I reached the junction with the spur to Zabriskie Point, but continued ahead, descending into Gower Gulch.  Gower Gulch was less exciting, as it is a broad, rocky wash.  Eventually it narrowed a bit, and a couple of stretches required some mild scrambling.  I ran into two large groups in Gower Gulch, which was a bit startling, as I’d seen only 3 people up until that point.


I descended to the brink of a dry waterfall.  From here I followed a good trail along a bench that runs parallel and above Badwater Road.  This stretch of trail featured great views across Death Valley to the Panamint Range and Telescope Peak.  I returned to the car at 10:30, about 2 hours after starting out.


From there I drove down Badwater Road to Badwater Basin.  Badwater Basin is famous for being the lowest point in North America, at 289 feet below sea level.  Visiting it for the novelty was a necessity.  I had summited Mount Whitney back in 2007 at the end of my thru-hike of the John Muir Trail.  Mount Whitney is the highest point in the contiguous U.S., so it was only appropriate that I visit the lowest.  Ironically, the two places are only about 100 miles apart.

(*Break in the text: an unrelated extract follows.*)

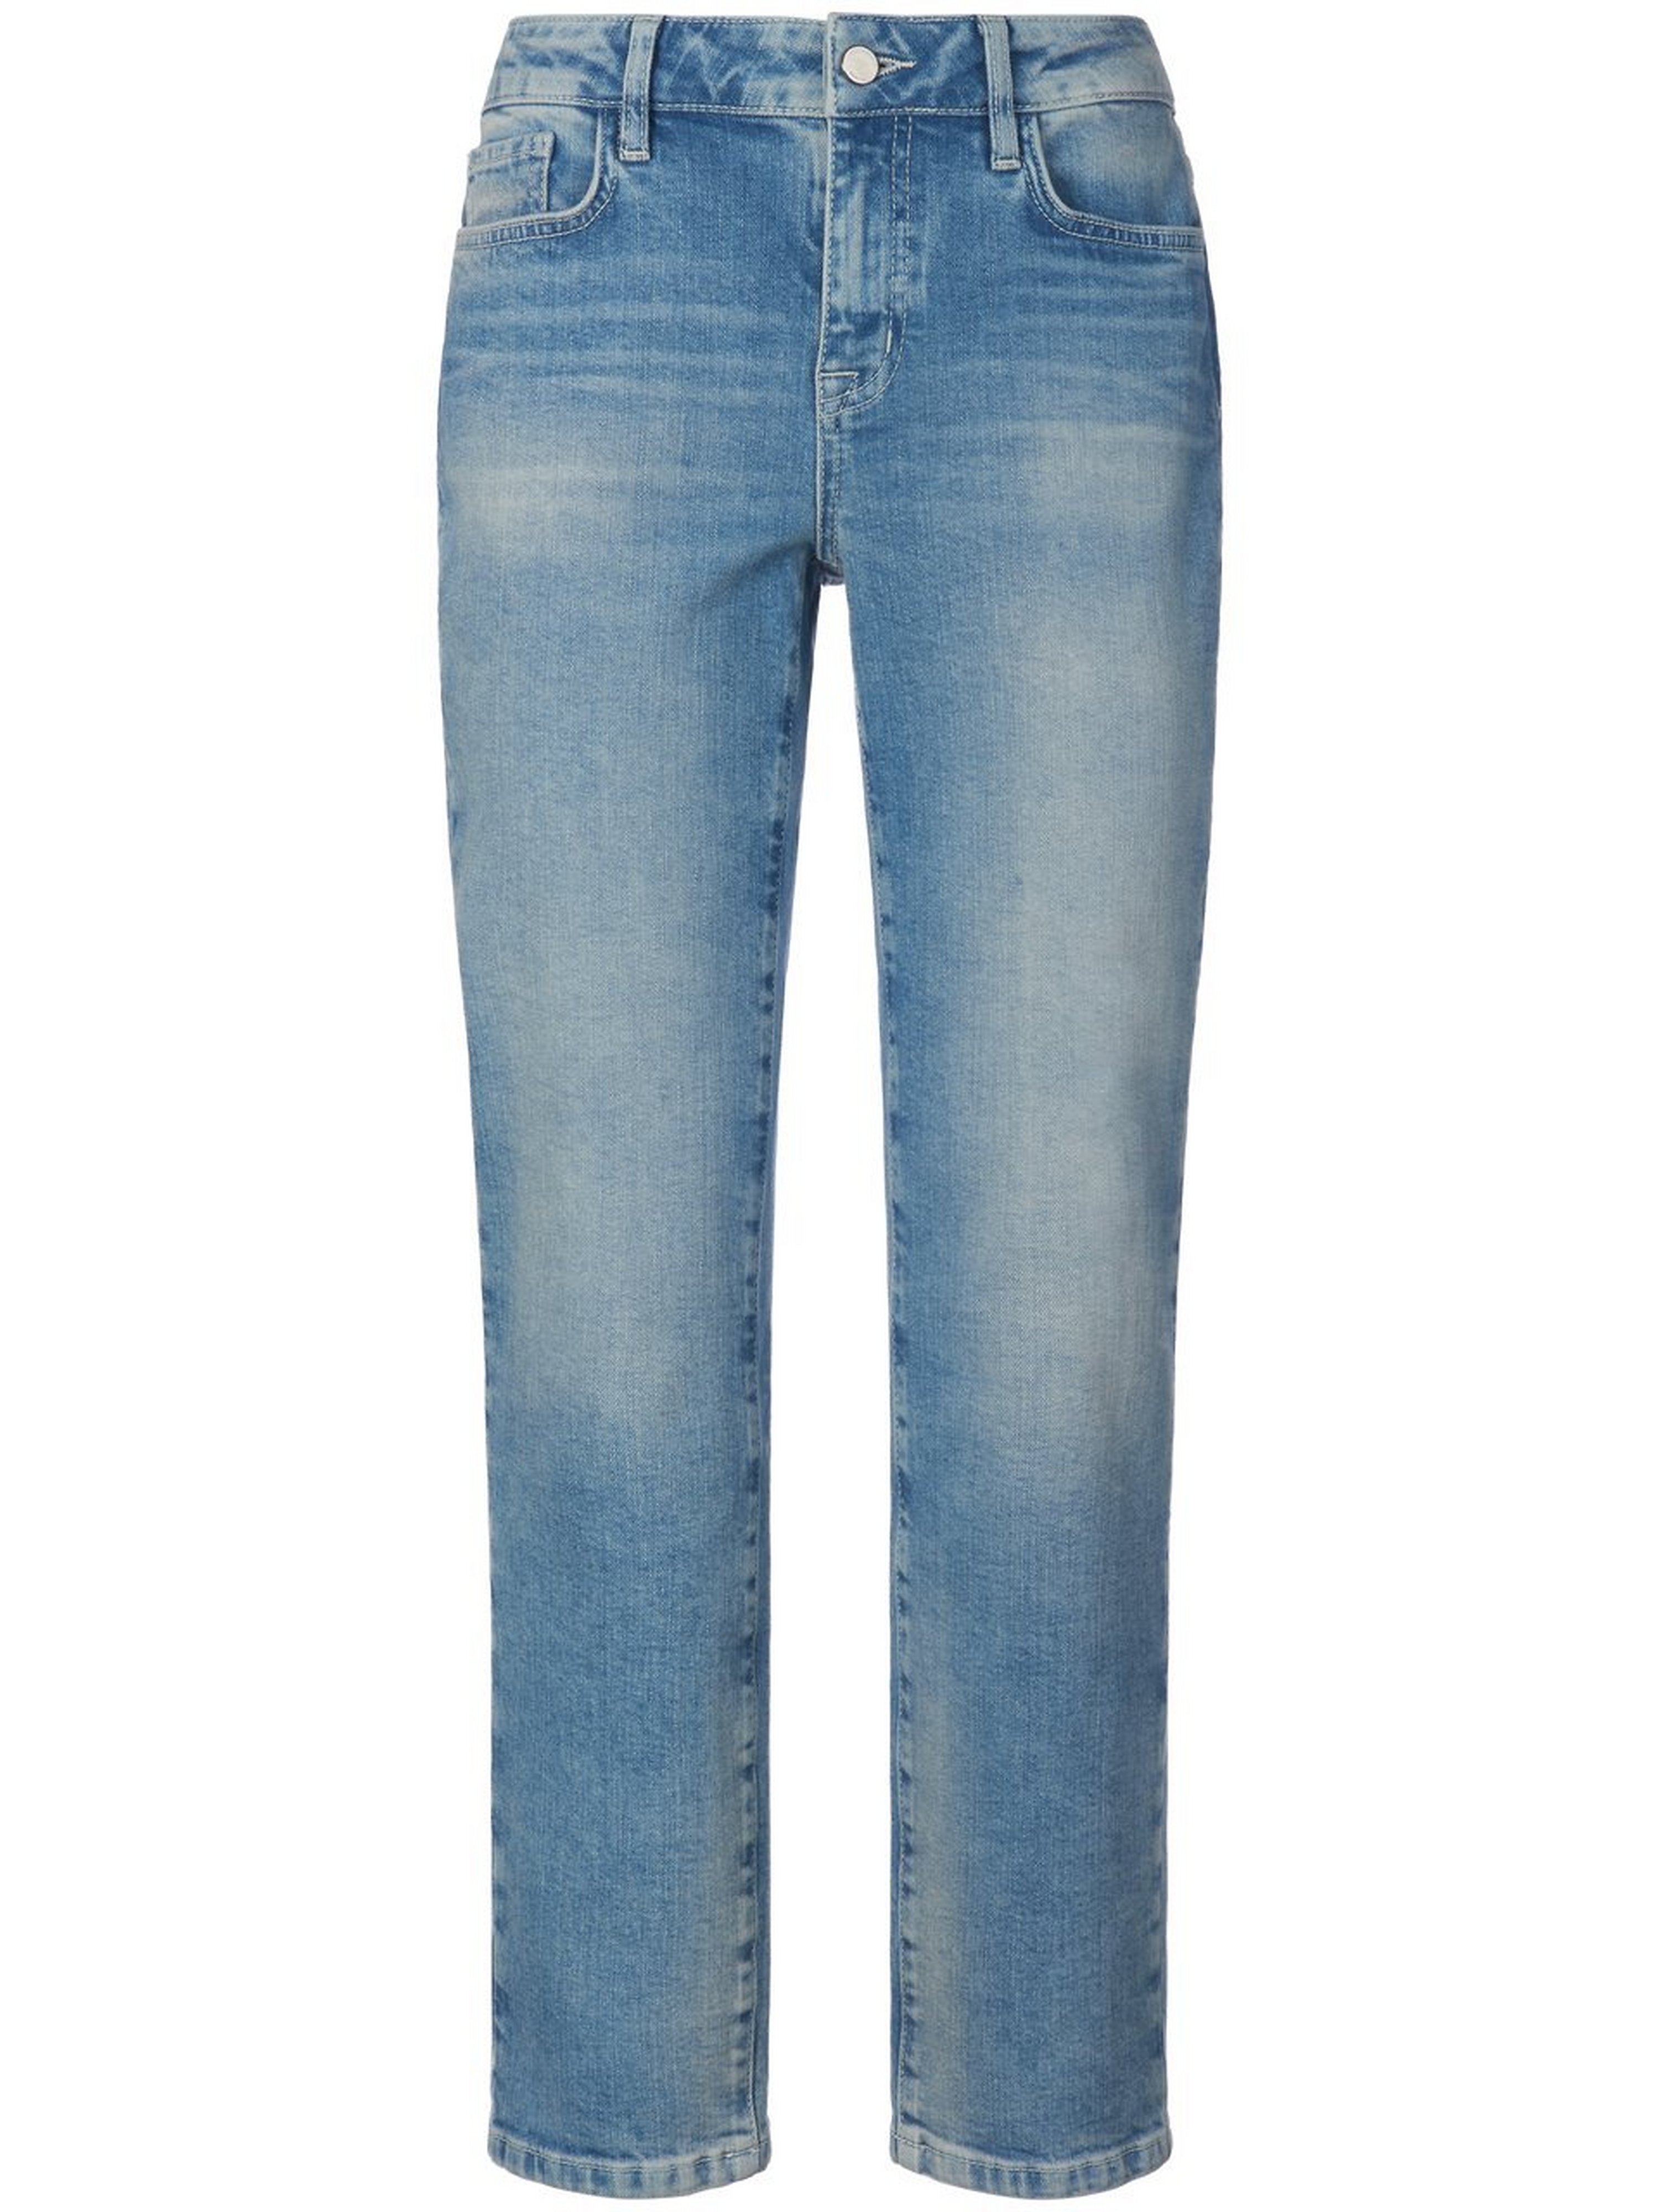 Fadenmeister Berlin Enkellange jeans in five-pocketsmodel Van denim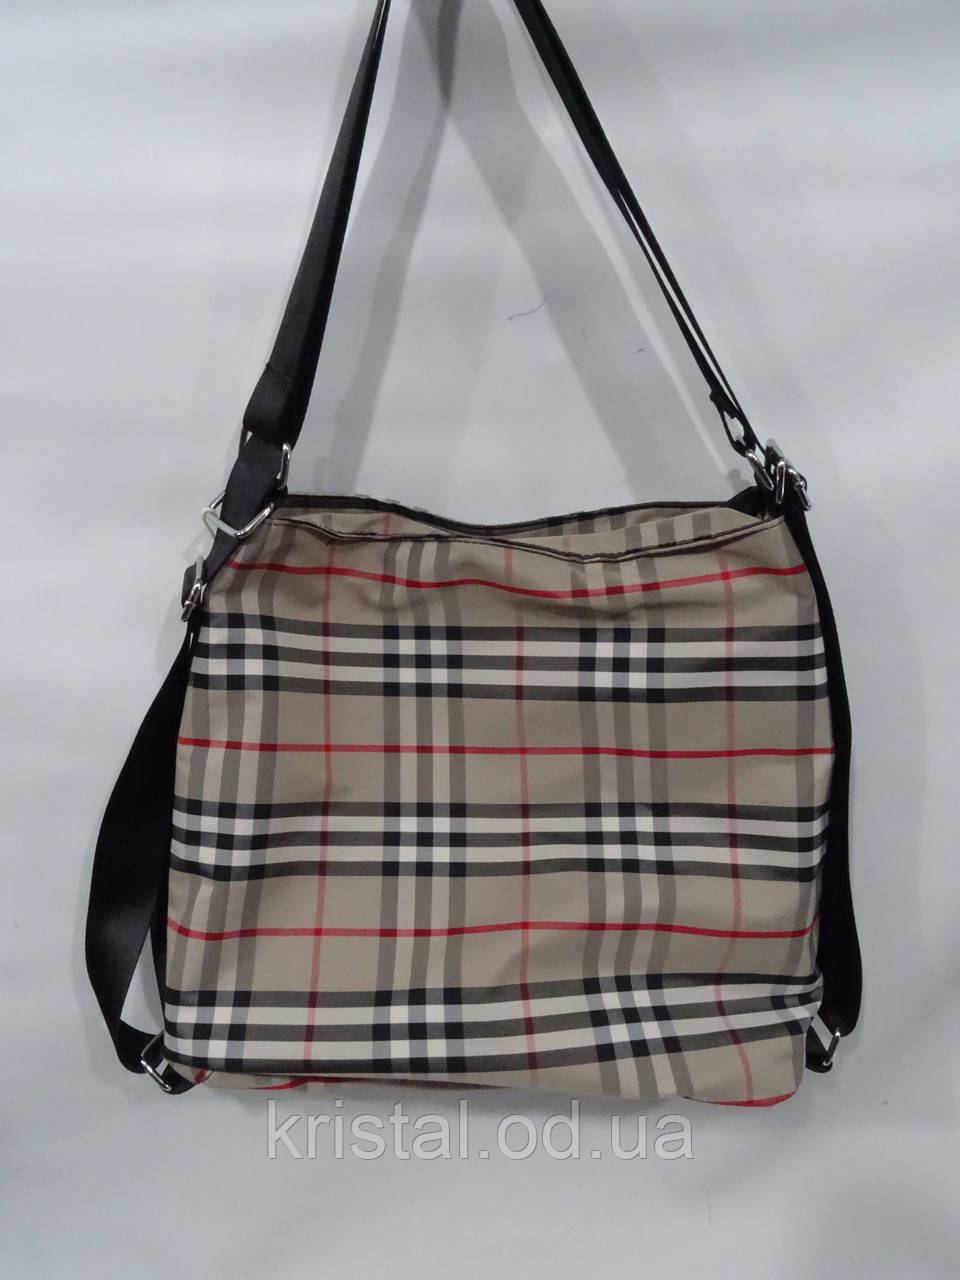 Жіноча сумка-шопер гуртом 35*34 см. серії "Міраж" No17629

Badwater Basin features a vast salt flat in the heart of Death Valley.  It also has actual water!  Badwater Basin has a small pool that reflects the surrounding mountains.  The water isn’t poisonous, but it’s too salty to drink.  My favorite part of Badwater Basin was probably a sign high on the cliffs behind the parking area marking sea level.  From Badwater Basin, it requires a serious climb just to get up to sea level!


From there I drove back up Badwater Road.  However, I allowed myself one diversion, touring Artist’s Drive.  This one-way road climbs up into the badlands above the valley.  The surrounding cliffs are quite colorful, particularly at Artist’s Palette, which is an area that featured volcanic activity many centuries ago.


It was 12:30 by the time I finished the scenic drive.  At that point it was still only 61 degrees.  It can easily be double that in the summer!  From there I headed straight back to Ontario, only stopping briefly at Zabriskie Point.  That stop was well worth it though, as it features a spectacular view across the badlands I’d hiked through earlier.  Death Valley is far below, and the highest mountains in the park are beyond.


On the way out of the park I passed through a tiny community. One of the buildings was the Death Valley Health Clinic. That really appealed to my sense of irony.

I would definitely like to return to Death Valley someday.  It’s a huge park, and my brief visit only allowed me to see a small part of it.  The Scotty’s Castle area features some old volcanic craters that sound fascinating.  Dante’s View apparently has the best overlook in the park.  If I ever visit in warmer weather, I’d like to include a climb of Telescope Peak.  I’ll be the view from there is incredible, as it is situated between Death Valley to the east and the Sierra Nevada to the west.  Early spring is another good time to visit the park.  The temperatures are still reasonable then, and if there are any winter rains, the wildflower bloom can be spectacular.